Depuis la disparition de grandes figures de l’épiscopat africain, comme le Camerounais Jean Zoa, ancien archevêque de Yaoundé, le cardinal kenyan Maurice Michael Otunga (Nairobi), le cardinal sénégalais Hyacinthe Thiandoum (Dakar), et le cardinal congolais Joseph Albert Malula (Kinshasa), il n’y a plus que la théologie occidentale qui soit enseignée en Afrique, déplore l’abbé Bujo, prêtre du diocèse de Bunia, au nord-est de la République démocratique du Congo.
Et pourtant, souligne cet ancien professeur de théologie morale et d’éthique sociale à l’Université de Fribourg, «il est possible de développer, entre autres, un enseignement social de l’Eglise sans utiliser le concept de loi naturelle classique». Ce concept cher à la pensée théologique occidentale, hérité d’Aristote et de saint Thomas d’Aquin, s’opposant au «relativisme», affirme transcender les cultures, les époques et les religions. C’est là le point crucial.
«Le christianisme africain a pourtant besoin d’une éthique qui ne lui soit pas étrangère ou imposée à partir d’autres visions du monde qui, elles aussi, ne sont que des manières particulières de mettre la foi en pratique. En effet, l’éthique occidentale, qui provient d’une autre philosophie, avec sa notion de loi naturelle, sa conception de la personne humaine et de la liberté, ne peut pas satisfaire l’homme africain et lui rendre justice».
Fidèle à ce que demandait déjà le pape Paul VI dans sa lettre apostolique «Africae terrarum», encourageant, en 1967 déjà, les Africains à être eux-mêmes dans leur culture, Bénézet Bujo poursuit son étude de la théologie africaine dans son nouveau livre: La vision africaine du monde – Pour un enseignement social de l’Eglise sans loi naturelle.
Cet ouvrage de 242 pages est sorti début décembre 2018 aux Editions Saint-Augustin, à Saint-Maurice. Ces éditions ont pris le relais après la disparition, en 2017, d’Academic Press Fribourg, qui avait publié les trois premiers volumes de la collection «Théologie africaine» en 2016 et 2017.
«On note une régression dans la pensée théologique et philosophique africaine, on enseigne aujourd’hui la même chose que partout. Ce n’était pas le cas à l’époque suivant directement le Concile Vatican II. N’oublions pas que c’est sous l’impulsion du renouveau conciliaire que le cardinal Malula avait institué les ‘bakambi’, un ministère paroissial confié à des laïcs, bien avant l’institution des assistants pastoraux en Europe!
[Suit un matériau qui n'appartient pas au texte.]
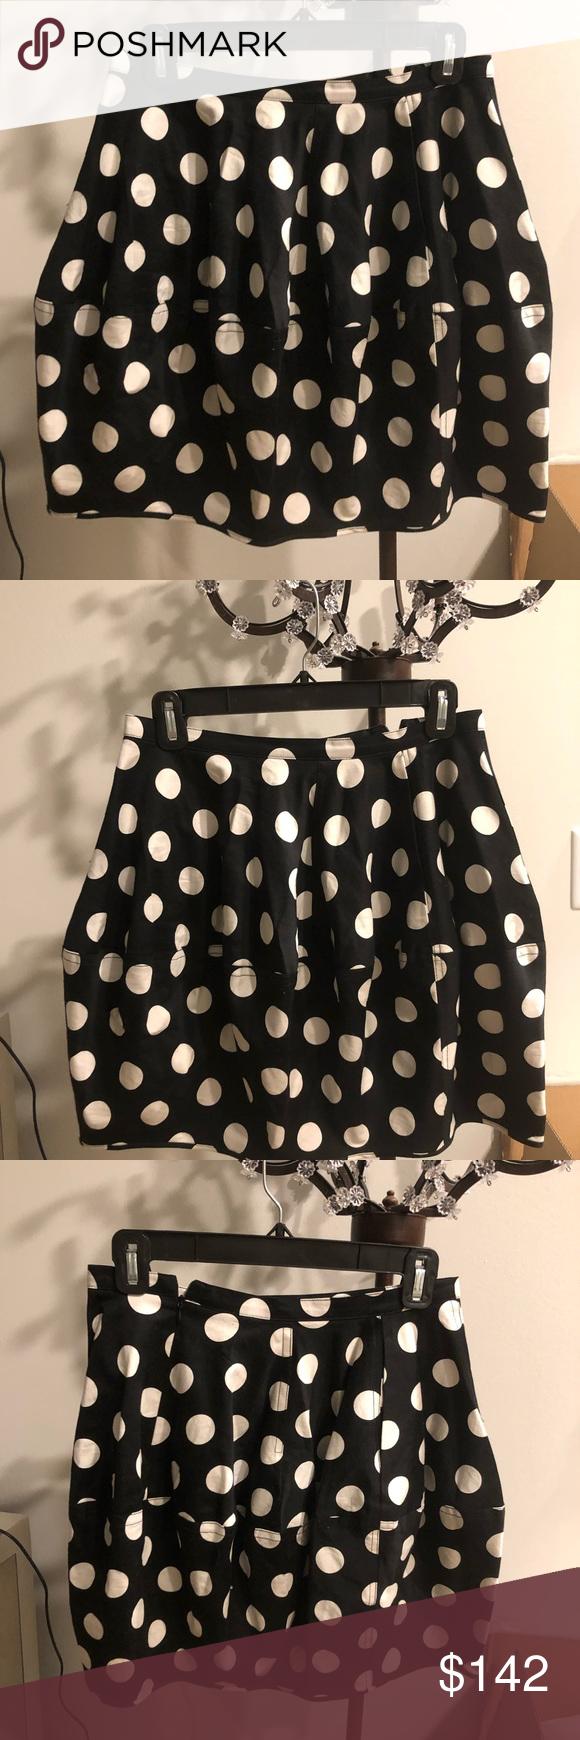 Bubble but mini skirts Like New Helene Berman Skirt Polka Dot Trend Mini Skirts Asos Women

On pourrait d’ailleurs même oser considérer le propos du canon 517, § 2 (Code de droit canonique 1983) comme ‘canon Malula'».
L’abbé Bujo regrette qu’en Afrique, on ne parle quasiment plus d’inculturation ou de théologie africaine, alors qu’après Vatican II elle faisait partie des priorités qu’il ne fallait pas perdre de vue. «Les évêques ne sont plus autant conscients qu’avant de cette nécessité vitale pour l’évangélisation de l’Afrique. Et cela risque encore d’empirer, si l’on ne fait pas attention, avec l’impact des nouvelles technologies, la globalisation, qui s’imposent dans les endroits les plus reculés, menaçant de détruire les cultures… On court le danger d’avoir affaire dans le futur à des personnalités hybrides qui ne sont ni africaines, ni occidentales…»
L’enseignement social de l’Eglise, étant une partie intégrante du message évangélique, ne peut se laisser efficacement transmettre que si, à l’instar de la Parole de Dieu, il ne perd pas de vue ses destinataires, dans ce cas les Africains.
«Ce sont des personnes concrètes, ayant leur rationalité culturelle propre. Or l’on constate qu’en Afrique noire le message social chrétien continue d’être proclamé sur base des concepts empruntés à une philosophie étrangère à la vision du monde des destinataires. En effet, les notions fondamentales telles que les concepts de personne, de nature, de liberté, de propriété, demeurent sans grande pertinence pour le monde africain subsaharien».
En guise d’illustration, il suffit de prendre la Déclaration universelle des droits de l’homme qui, pour les Africains, est trop centrée sur les droits de l’individu, et pas sur ceux de la communauté et il y a en plus une dichotomie entre éthique et droits.
«Les Africains considèrent que les droits ne doivent pas être séparés de l’éthique, et ces droits ne sont légitimes que s’ils donnent la vie». Et quand, dans certains pays, l’avortement est vu comme un ‘droit’, la rationalité africaine rappelle qu’il faut considérer cette question en rapport avec le concept des ‘non-encore-nés’ qui situe la personne humaine dans la pensée de Dieu, à l’instar du livre de Jérémie (Jr 1,5). Cette considération se place dans le cadre de la formation des consciences, tout en se rappelant qu’en Afrique, la conscience individuelle ne peut pas remplacer la conscience communautaire. Les deux doivent entrer en dialogue, suivant le principe de la palabre appelée ‘gacaca’ (en kinyarwanda), ‘baraza’ (en swahili), etc.»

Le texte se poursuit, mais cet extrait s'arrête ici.